Thanks, but no. I'm still getting that error:
*****
cc -c -pipe -O -W -Wall -Wpointer-arith -Wno-unused-parameter -Werror -g -I src/core -I src/event -I src/event/modules -I src/os/unix -I objs \
-o objs/src/event/ngx_event_openssl.o \
src/event/ngx_event_openssl.c
src/event/ngx_event_openssl.c: In function ‘ngx_ssl_handshake’:
src/event/ngx_event_openssl.c:1165:31: error: dereferencing pointer to incomplete type
if (c->ssl->connection->s3) {
^
src/event/ngx_event_openssl.c:1166:31: error: dereferencing pointer to incomplete type
c->ssl->connection->s3->flags |= SSL3_FLAGS_NO_RENEGOTIATE_CIPHERS;
^
src/event/ngx_event_openssl.c: In function ‘ngx_ssl_session_ticket_key_callback’:
src/event/ngx_event_openssl.c:2866:9: error: implicit declaration of function ‘RAND_pseudo_bytes’ [-Werror=implicit-function-declaration]

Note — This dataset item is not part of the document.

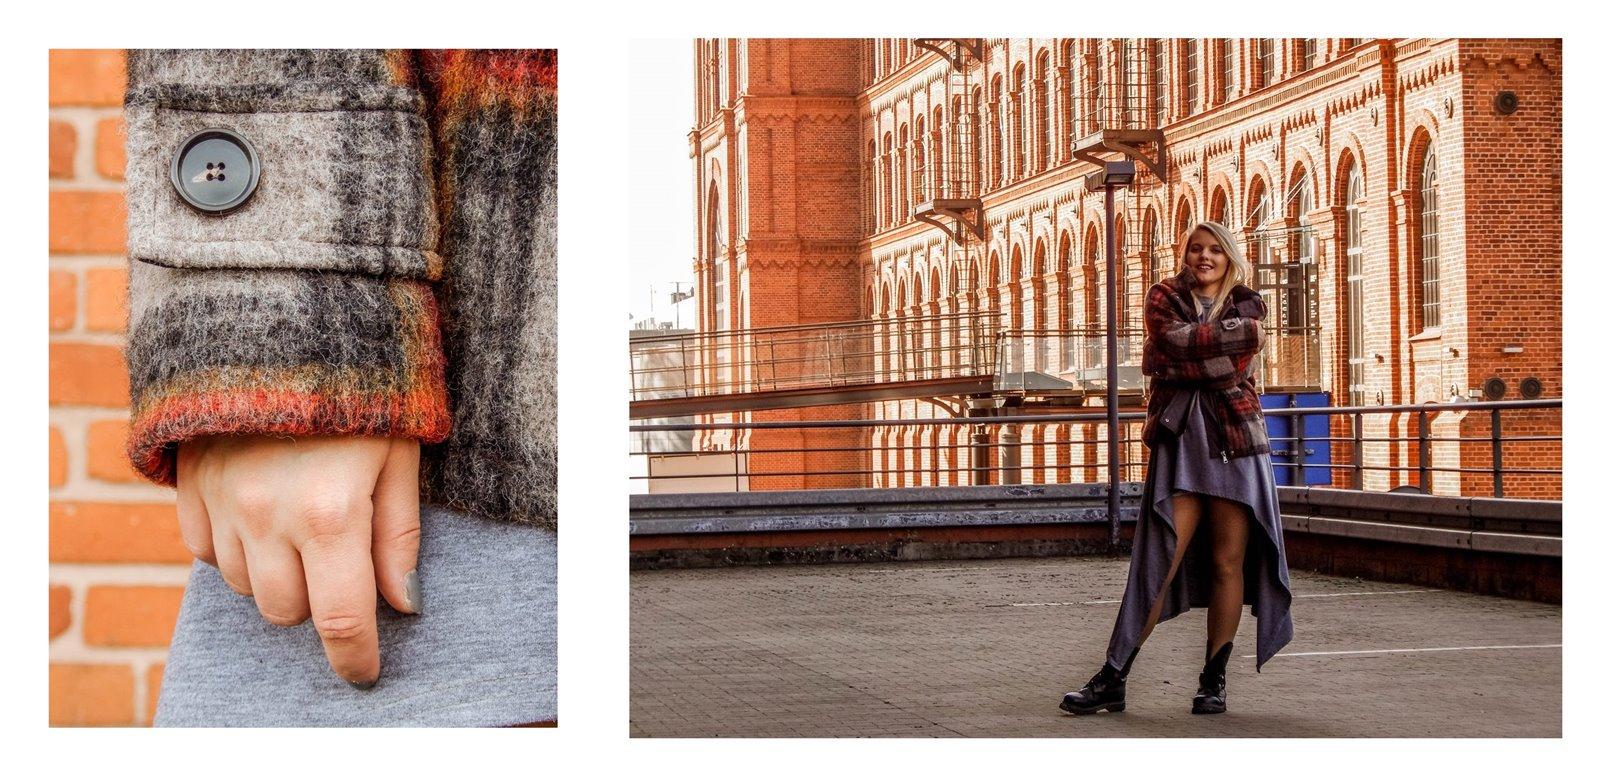 3a płaszcz - ubranie, moda polska, hot moda, moda damska jesień 2018, moda for you, net moda, blog, blogerki fashion łódź anataka kurtka w kratkę ciepła kurtka stylizacje w co się ubrać eleganckie kurtki blondynka

RAND_pseudo_bytes(iv, 16);
^
cc1: all warnings being treated as errors
*****
Changed code section:
*****
c->recv_chain = ngx_ssl_recv_chain;
c->send_chain = ngx_ssl_send_chain;
#ifdef SSL3_FLAGS_NO_RENEGOTIATE_CIPHERS
#ifndef OPENSSL_NO_SSL_INTERN
/* initial handshake done, disable renegotiation (CVE-2009-3555) */
if (c->ssl->connection->s3) {
c->ssl->connection->s3->flags |= SSL3_FLAGS_NO_RENEGOTIATE_CIPHERS;
}
#endif
#endif
return NGX_OK;
}
sslerr = SSL_get_error(c->ssl->connection, n);
*****
Just adding that I clean the source before each build attempt via:
*****
hg --config "extensions.purge=" purge --all
hg revert --all
*****
I also don't know where I'd find if "OPENSSL_NO_SSL_INTERN" was already defined. printenv doesn't show it, nor does a recursive grep in /etc or ~.
Let me know if there are any other tests you'd like me to try or any other information you need from me that may help.